All of this leads back to the key analytical question: what besides ownership matters? There are five likely answers. First, public taste matters. Corporations try to anticipate it and to channel it but they know very well they cannot control it. Second, professional norms, values, and courage matter. Although Wall Street provides the money to operate major media, stock traders and investment bankers do not themselves risk their lives covering Iraq or check the spelling of the name of the murder victim or sit through the city council meeting or track down the expert who might explain cancer clusters or global warming. Journalists who aren’t easily pushed around do. Third, public legitimacy matters. Even the major media depend on it and cannot entirely manipulate it; without public legitimacy, they are vulnerable to government regulation, particularly in radio and television, and they are also vulnerable to public disaffection and protest.
Fourth, there is a climate of opinion within which the media operate, to which they are bound, and on which they have only modest influence. Today’s climate of opinion is powerfully influenced by science, gives more credence to religion than it once did, tolerates a new coarseness in public expression, accords less deference to conventional authorities and canons, and endorses a view of the United States as multicultural. Fifth, the degree of consensus in the political elite matters. When there is significant, open disagreement among politicians, the media are empowered and emboldened to report critically; when politicians close ranks, as they did in the early years of the Vietnam War or in the wake of September 11, the media have no constituency for pressing alternative viewpoints.
“I believe in my bones,” says the dissenting FCC Commissioner Michael Copps in Klinenberg’s concluding paragraph, “that few priorities our country confronts have such long-term effect on our democracy as how America communicates and converses with itself and how this process has deteriorated.” “Deterioration” is not the term to apply to radio news when we have enjoyed better service through NPR stations for the past thirty years than ever before; it does not apply to national investigative reporting that is better since the Vietnam years than it ever was before; it does not apply to an Internet that is still building its public affairs muscle in remarkable ways. It’s one thing to warn that our structure for public communication is a national resource that should not be squandered; it is another thing to moan that it all just gets worse and worse.
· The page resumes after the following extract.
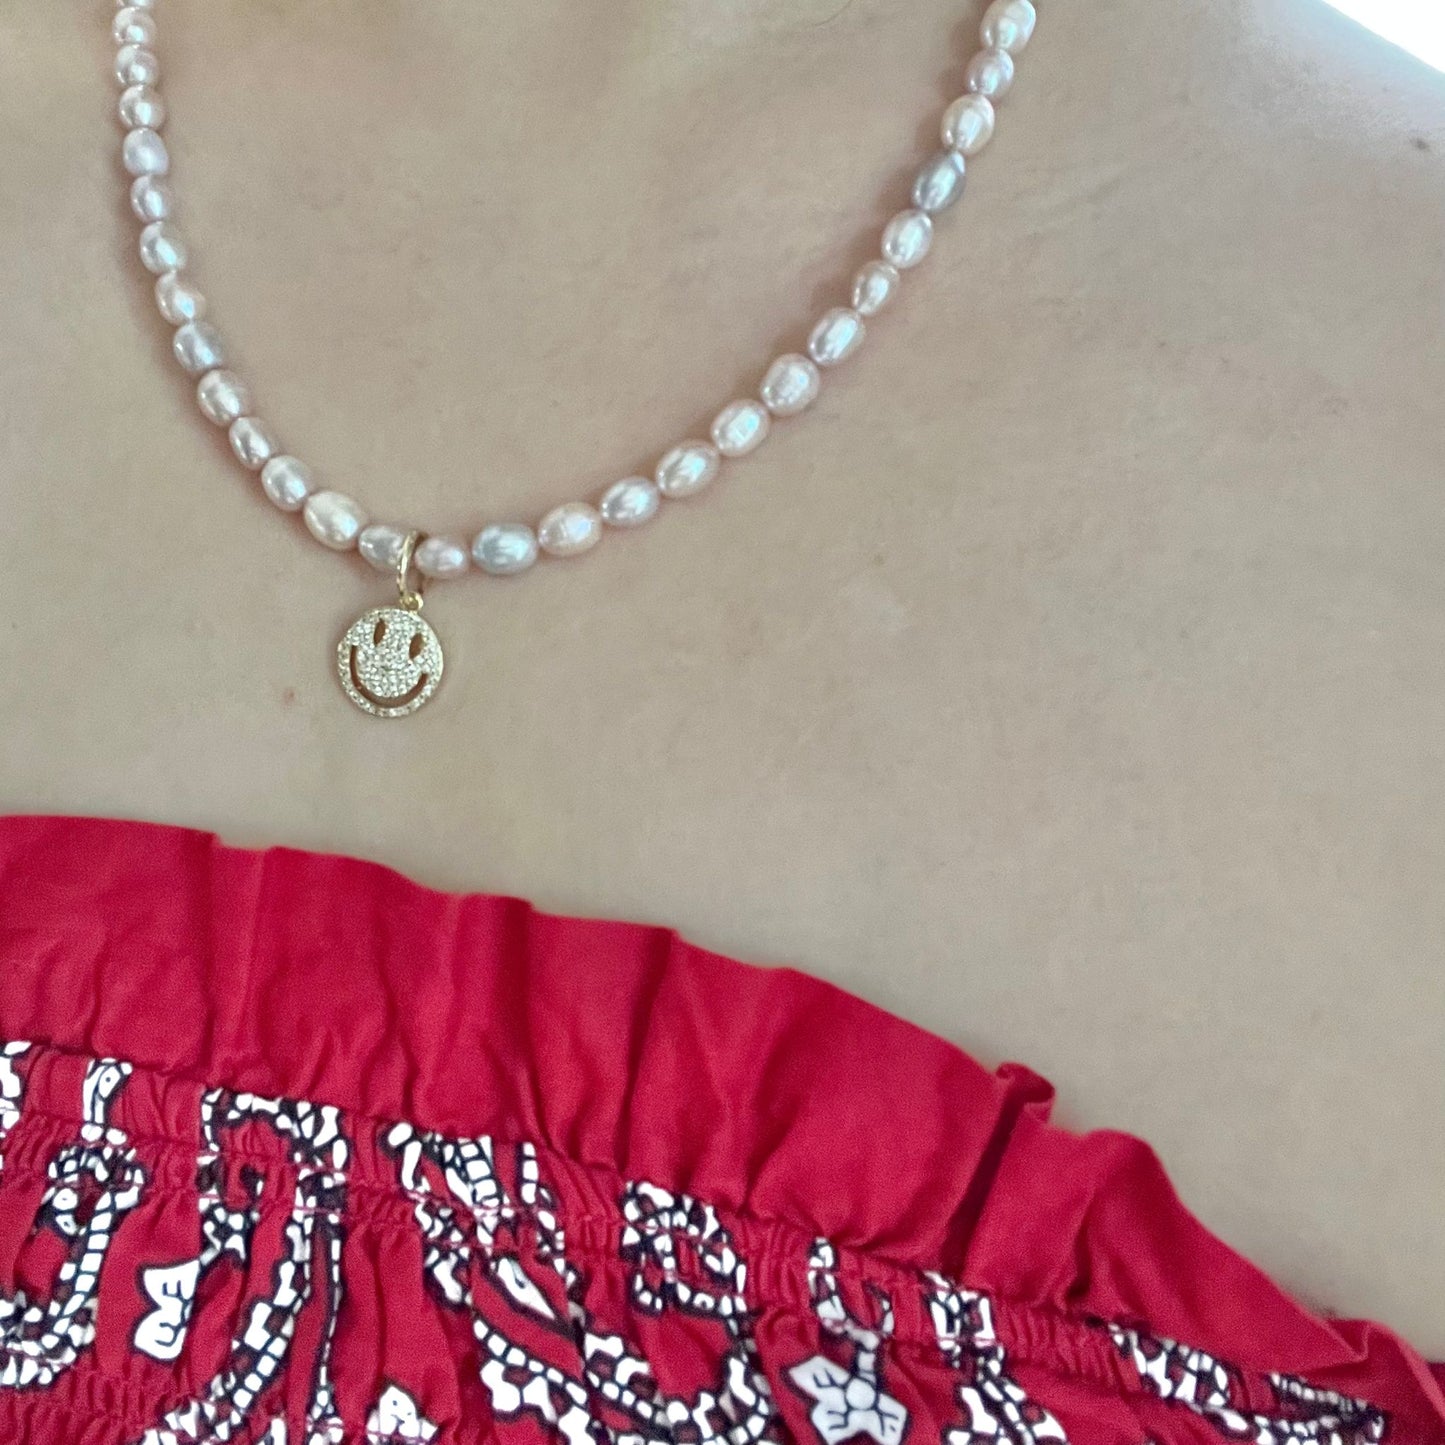 Lilac Pink Baroque Pearl Necklace - Smiley Face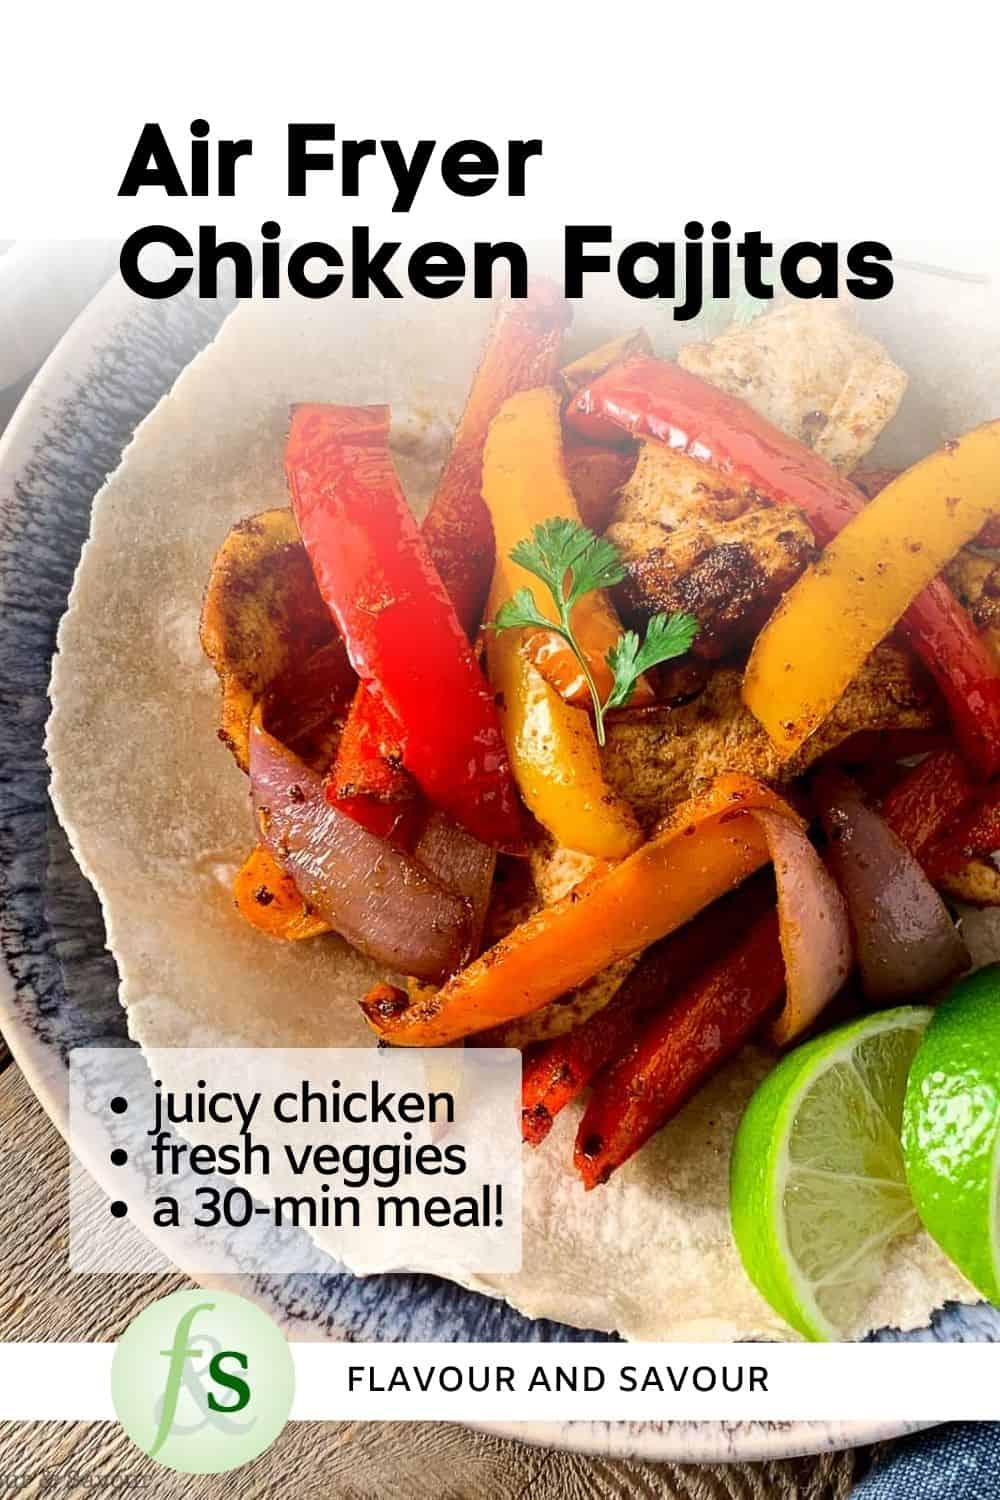 Image with text for air fryer chicken fajitas.

There were five newspapers in Baltimore a century ago when H.L. Mencken began his career in journalism. Of those papers he wrote, “Four of them were cheap, trashy, stupid and corrupt. They all played politics for what there was in it, and leaped obscenely every time an advertiser blew his nose. Every other American city of that era was full of such papers—dreadful little rags, venal, vulnerable and vile.” But at least the media were not concentrated! Ownership is important. Ownership is not everything.